Mathematics, 2024, vol. 12, issue 7, 1-22

Abstract: The classification of time series using machine learning (ML) analysis and entropy-based features is an urgent task for the study of nonlinear signals in the fields of finance, biology and medicine, including EEG analysis and Brain–Computer Interfacing. As several entropy measures exist, the problem is assessing the effectiveness of entropies used as features for the ML classification of nonlinear dynamics of time series. We propose a method, called global efficiency (GEFMCC), for assessing the effectiveness of entropy features using several chaotic mappings. GEFMCC is a fitness function for optimizing the type and parameters of entropies for time series classification problems.
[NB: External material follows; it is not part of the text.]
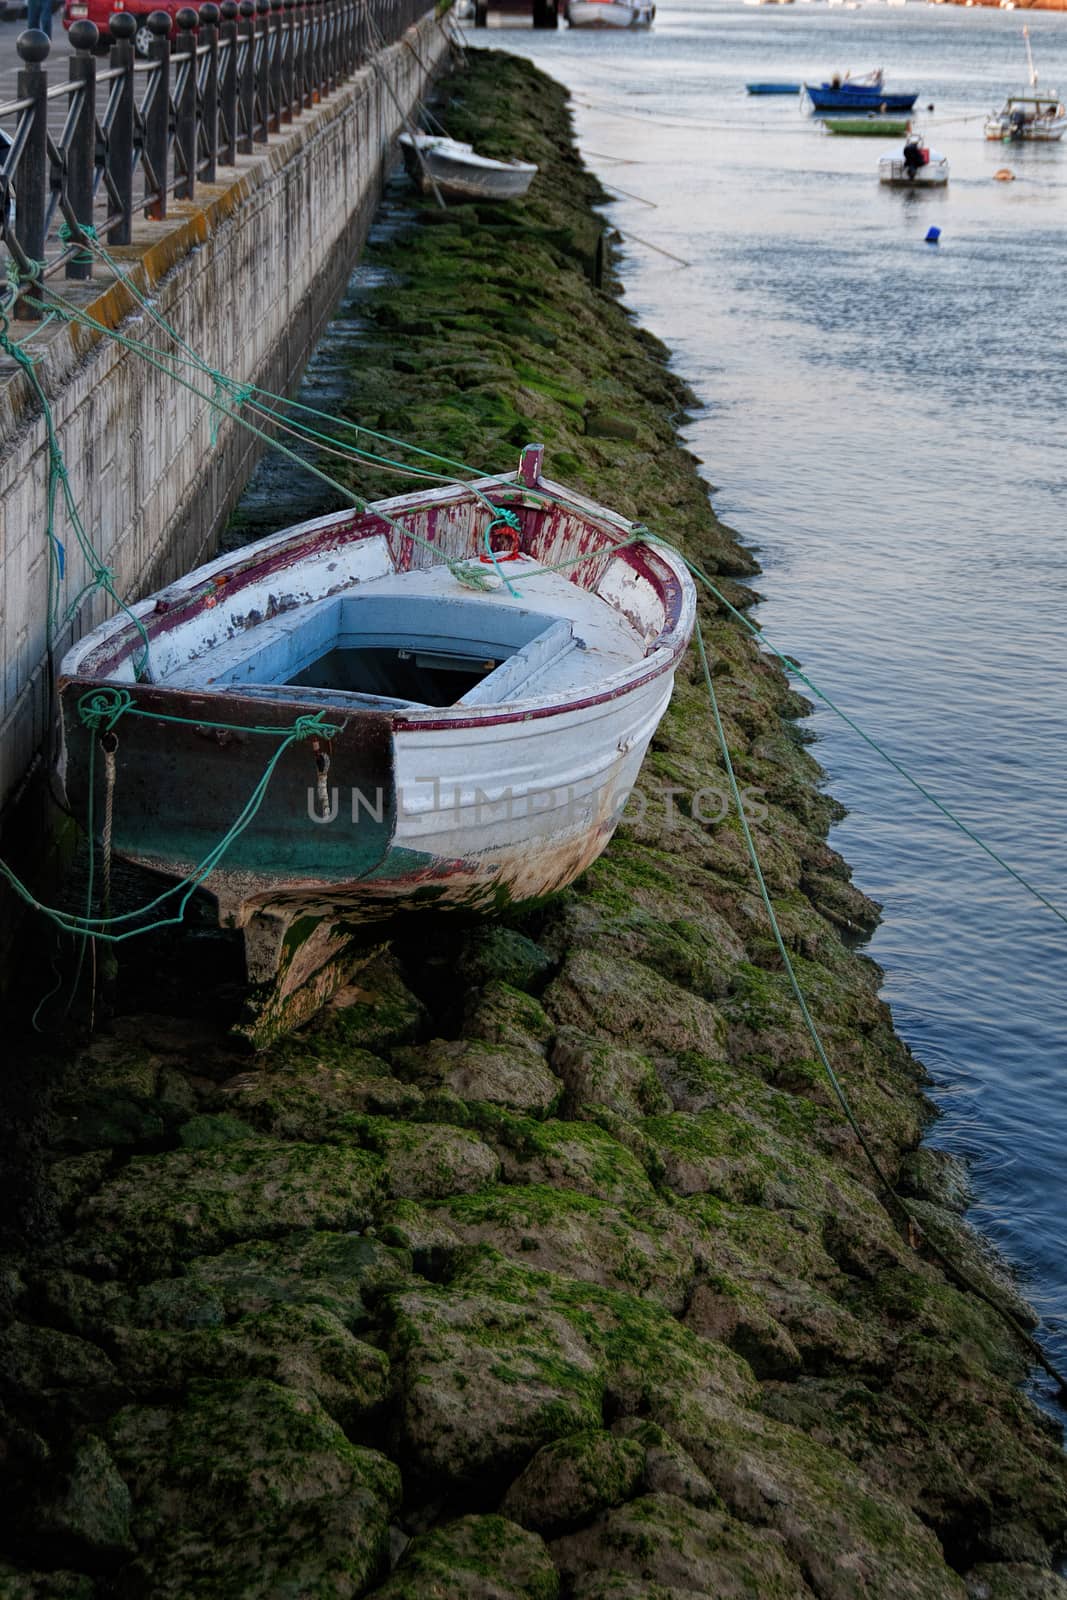 Low tide in an Spanish river with a boat on the rocks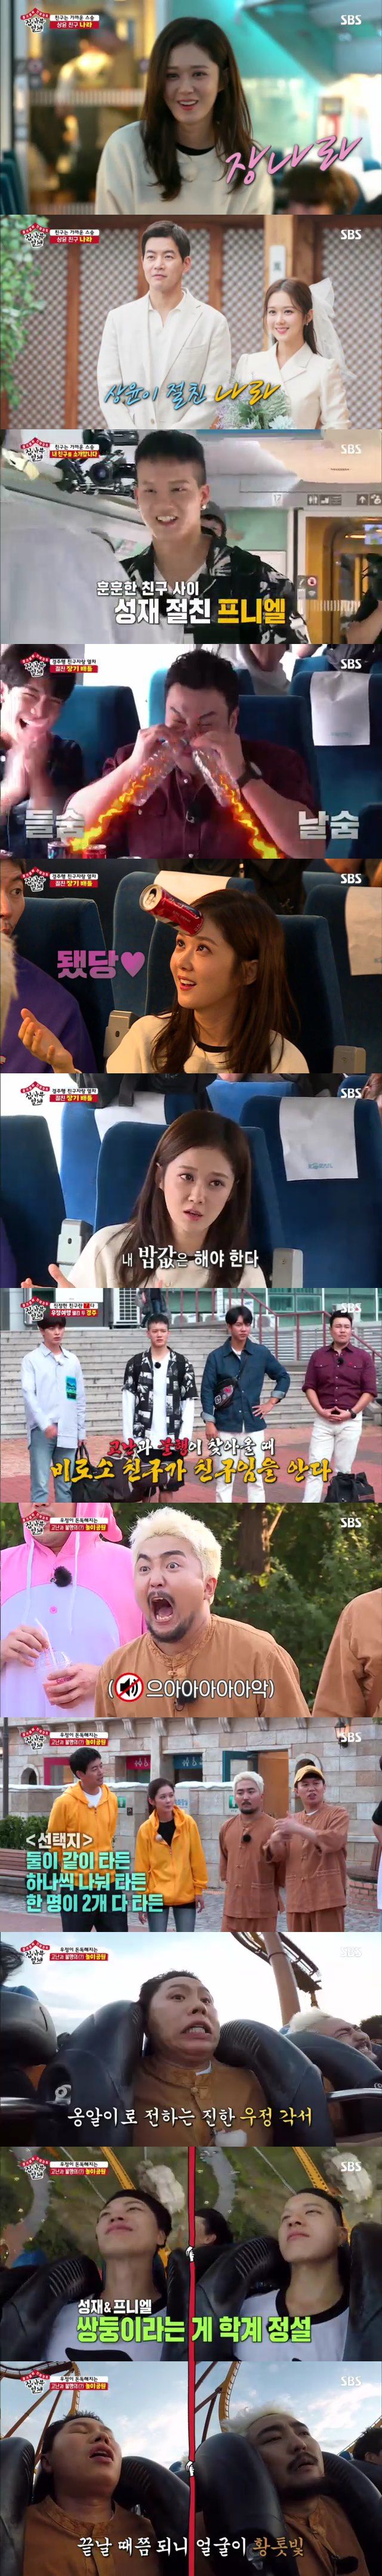 SBS All The Butlers attracted the attention of viewers with a friendship travel special that can look back on the meaning of true Friend.According to Nielsen Korea, SBS All The Butlers furniture TV viewer ratings were 7.3% (hereinafter the second part of the metropolitan area) and 2049 target TV viewer ratings, which were collected for young viewers aged 20 to 49, recorded 3.7%.Top TV viewer ratings per minute soared to 8.4 per cent.The broadcast was featured in the Friend Master feature, and a moisturizing trip to Gyeongju was drawn with friends invited by Lee Seung-gi, Lee Sang-yoon, Yang Se-hyeong and Yook Sungjae.The members invited Friend, who had many things to learn most about each, to say of Friend, whom Lee Sang-yoon invited, The personality is not insane.I am serious, he said. I am a friend with a lot of talent in various fields.As the question of who the invited friend would be, Actor Jang Na-ra, the friend of Lee Sang-yoon, first appeared and led the cheers of the members.Jang Na-ra said: I was a bit serious and not funny, so I was not good at performing, but (Lee Sang-yoon) told me not to worry.I said I would take care of everything. Then Jang Na-ra said to Lee Sang-yoon, who is breathing in the drama VIP scheduled to be broadcast, It feels like this boss on our team.I am doing my best and it is the funniest in our team. Followed by Friend Yoo Byung-jae in Yang Se-hyeong, Friend Actor Shin Seung-Hwan in Lee Seung-gi, and Friend Bitobi Peniel Shin in Yook Sungjae.Lee Seung-gi said that Shin Seung-Hwans advantage was a good catcher.Shin Seung-Hwan showed off his organs by blowing a PET bottle with his nose and attaching a can to his forehead as a nickname of Jung Seung-hwan.However, Yoo Byung-jae also easily blew a PET bottle with his nose, followed by Jang Na-ra, who succeeded in two organs and intercepted everyones applause.In the meantime, Jang Na-ra handed out his favorite snack, the sweetened jelly, to the members. Lee Sang-yoon added, I ate this only the day I filmed.Yoo Byung-jae asked, I have been close to 20 years and I am still nervous, and Jang Na-ra replied, The more you do, the worse you get.Lee Sang-yoon, who watched Jang Na-ra, said, Jang Na-ra is always very sorry when I NG, and Jang Na-ra said, I always think that I should pay for my rice and take responsibility.Jang Na-ra said, I will have the capacity and role I expect while casting, but I am always nervous that I will not be able to do it.The crew introduced the members and friends who arrived at the race to the Friend knows that Friend is Friend only when hardship and misfortune come of the proverb about Friend.The members were worried about the mission to be given in the future, and Yang Se-hyeong explained the Chinese character of Danger and said, It may be Danger or an opportunity.So lets think about friendship travel today and think about it in a good way. Since then, they have been wearing a couple of couples shared through friendship tests and visited the amusement park.The mission given at the amusement park was to share two pairs: Roller Coaster, which falls vertically to 90 degrees, and Roller Coaster, which is not foothold.Lee Seung-gi and Shin Seung-Hwan, who won the pre-game, were excluded from the boarding list, while Yook Sungjae and Peniel Shin, Yang Se-hyeong and Yoo Byung-jae decided to ride two Roller Coaster together.Meanwhile, Lee Sang-yoon said, In the Indian proverb, Friend is the one who goes with the sadness of Friend. He decided to ride two Roller Coaster alone on behalf of Jang Na-ra, who is highly afraid of heights.Instead, Lee Sang-yoon said, Please replace me if you have a dance and a song after that, and Jang Na-ra responded happily.Following the warm scenes of the two Friends, the scene of Jang Na-ra singing his past hit song Sweet Dream was predicted, and this scene took the best one minute with 8.4% of the TV viewer ratings per minute, as it proved many peoples expectation for Singer Jang Na-ra.

We analyze fuzzy entropy (FuzzyEn) and neural network entropy (NNetEn) for four discrete mappings, the logistic map, the sine map, the Planck map, and the two-memristor-based map, with a base length time series of 300 elements. FuzzyEn has greater GEFMCC in the classification task compared to NNetEn. However, NNetEn classification efficiency is higher than FuzzyEn for some local areas of the time series dynamics. The results of using horizontal visibility graphs (HVG) instead of the raw time series demonstrate the GEFMCC decrease after HVG time series transformation. However, the GEFMCC increases after applying the HVG for some local areas of time series dynamics. The scientific community can use the results to explore the efficiency of the entropy-based classification of time series in “The Entropy Universe”. An implementation of the algorithms in Python is presented.

Keywords: chaotic maps; NNetEn; neural network entropy; horizontal visibility graphs; fuzzy entropy; classification; entropy global efficiency; GEFMCC; Python (search for similar items in EconPapers)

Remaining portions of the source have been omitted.